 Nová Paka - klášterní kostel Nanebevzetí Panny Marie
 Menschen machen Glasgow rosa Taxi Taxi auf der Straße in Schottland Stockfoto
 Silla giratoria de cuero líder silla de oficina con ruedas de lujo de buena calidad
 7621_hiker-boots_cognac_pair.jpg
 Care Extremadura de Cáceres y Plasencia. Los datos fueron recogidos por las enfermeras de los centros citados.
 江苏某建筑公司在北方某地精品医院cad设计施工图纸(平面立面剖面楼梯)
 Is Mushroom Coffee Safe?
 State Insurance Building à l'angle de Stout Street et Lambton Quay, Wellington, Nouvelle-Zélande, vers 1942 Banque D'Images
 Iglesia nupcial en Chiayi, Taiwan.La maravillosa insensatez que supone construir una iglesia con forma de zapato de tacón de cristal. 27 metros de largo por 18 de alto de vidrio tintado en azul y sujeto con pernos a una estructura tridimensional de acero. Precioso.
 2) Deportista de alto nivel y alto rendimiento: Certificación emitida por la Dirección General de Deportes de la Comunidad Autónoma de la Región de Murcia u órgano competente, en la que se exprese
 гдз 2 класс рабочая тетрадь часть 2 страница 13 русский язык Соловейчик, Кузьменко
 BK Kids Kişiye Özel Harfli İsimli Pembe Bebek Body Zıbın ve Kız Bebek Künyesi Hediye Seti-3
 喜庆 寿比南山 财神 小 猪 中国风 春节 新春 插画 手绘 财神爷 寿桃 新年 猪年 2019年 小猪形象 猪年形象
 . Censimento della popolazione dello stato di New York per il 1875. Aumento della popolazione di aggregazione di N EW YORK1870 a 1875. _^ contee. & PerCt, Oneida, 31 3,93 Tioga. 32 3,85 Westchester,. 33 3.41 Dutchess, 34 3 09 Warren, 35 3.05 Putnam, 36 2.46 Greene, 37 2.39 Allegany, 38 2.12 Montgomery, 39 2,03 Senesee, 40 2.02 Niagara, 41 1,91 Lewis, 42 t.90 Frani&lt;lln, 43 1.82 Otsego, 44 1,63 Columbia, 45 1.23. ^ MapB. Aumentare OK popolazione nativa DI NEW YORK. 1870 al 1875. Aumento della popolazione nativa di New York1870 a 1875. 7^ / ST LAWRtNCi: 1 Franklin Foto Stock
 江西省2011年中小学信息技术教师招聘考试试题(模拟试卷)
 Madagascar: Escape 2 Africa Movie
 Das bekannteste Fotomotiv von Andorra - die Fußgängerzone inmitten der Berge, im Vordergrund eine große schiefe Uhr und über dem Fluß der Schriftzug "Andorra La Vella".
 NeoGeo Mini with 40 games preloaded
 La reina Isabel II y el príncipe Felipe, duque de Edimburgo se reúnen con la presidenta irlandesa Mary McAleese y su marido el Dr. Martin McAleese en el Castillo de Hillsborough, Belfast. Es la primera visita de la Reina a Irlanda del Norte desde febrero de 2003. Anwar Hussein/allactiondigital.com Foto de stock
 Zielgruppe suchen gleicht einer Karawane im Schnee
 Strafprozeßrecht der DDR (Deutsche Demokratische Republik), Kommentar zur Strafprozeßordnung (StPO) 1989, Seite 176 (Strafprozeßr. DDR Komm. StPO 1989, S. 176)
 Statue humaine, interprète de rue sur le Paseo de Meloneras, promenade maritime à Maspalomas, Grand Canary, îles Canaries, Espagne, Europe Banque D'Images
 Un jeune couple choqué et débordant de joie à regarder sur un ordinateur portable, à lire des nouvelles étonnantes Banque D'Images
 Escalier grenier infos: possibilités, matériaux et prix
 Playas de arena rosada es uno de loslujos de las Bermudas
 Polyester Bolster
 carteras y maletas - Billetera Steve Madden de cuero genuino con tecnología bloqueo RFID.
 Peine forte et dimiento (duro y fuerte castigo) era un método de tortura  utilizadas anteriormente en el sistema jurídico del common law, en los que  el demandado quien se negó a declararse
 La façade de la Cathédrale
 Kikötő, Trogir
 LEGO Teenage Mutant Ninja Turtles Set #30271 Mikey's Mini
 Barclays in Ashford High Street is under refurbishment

• [REQUIREMENT]
Within the entries above, report how many lines contain the word "Street"; the figure is all that is wanted.

• [RESPONSE]
2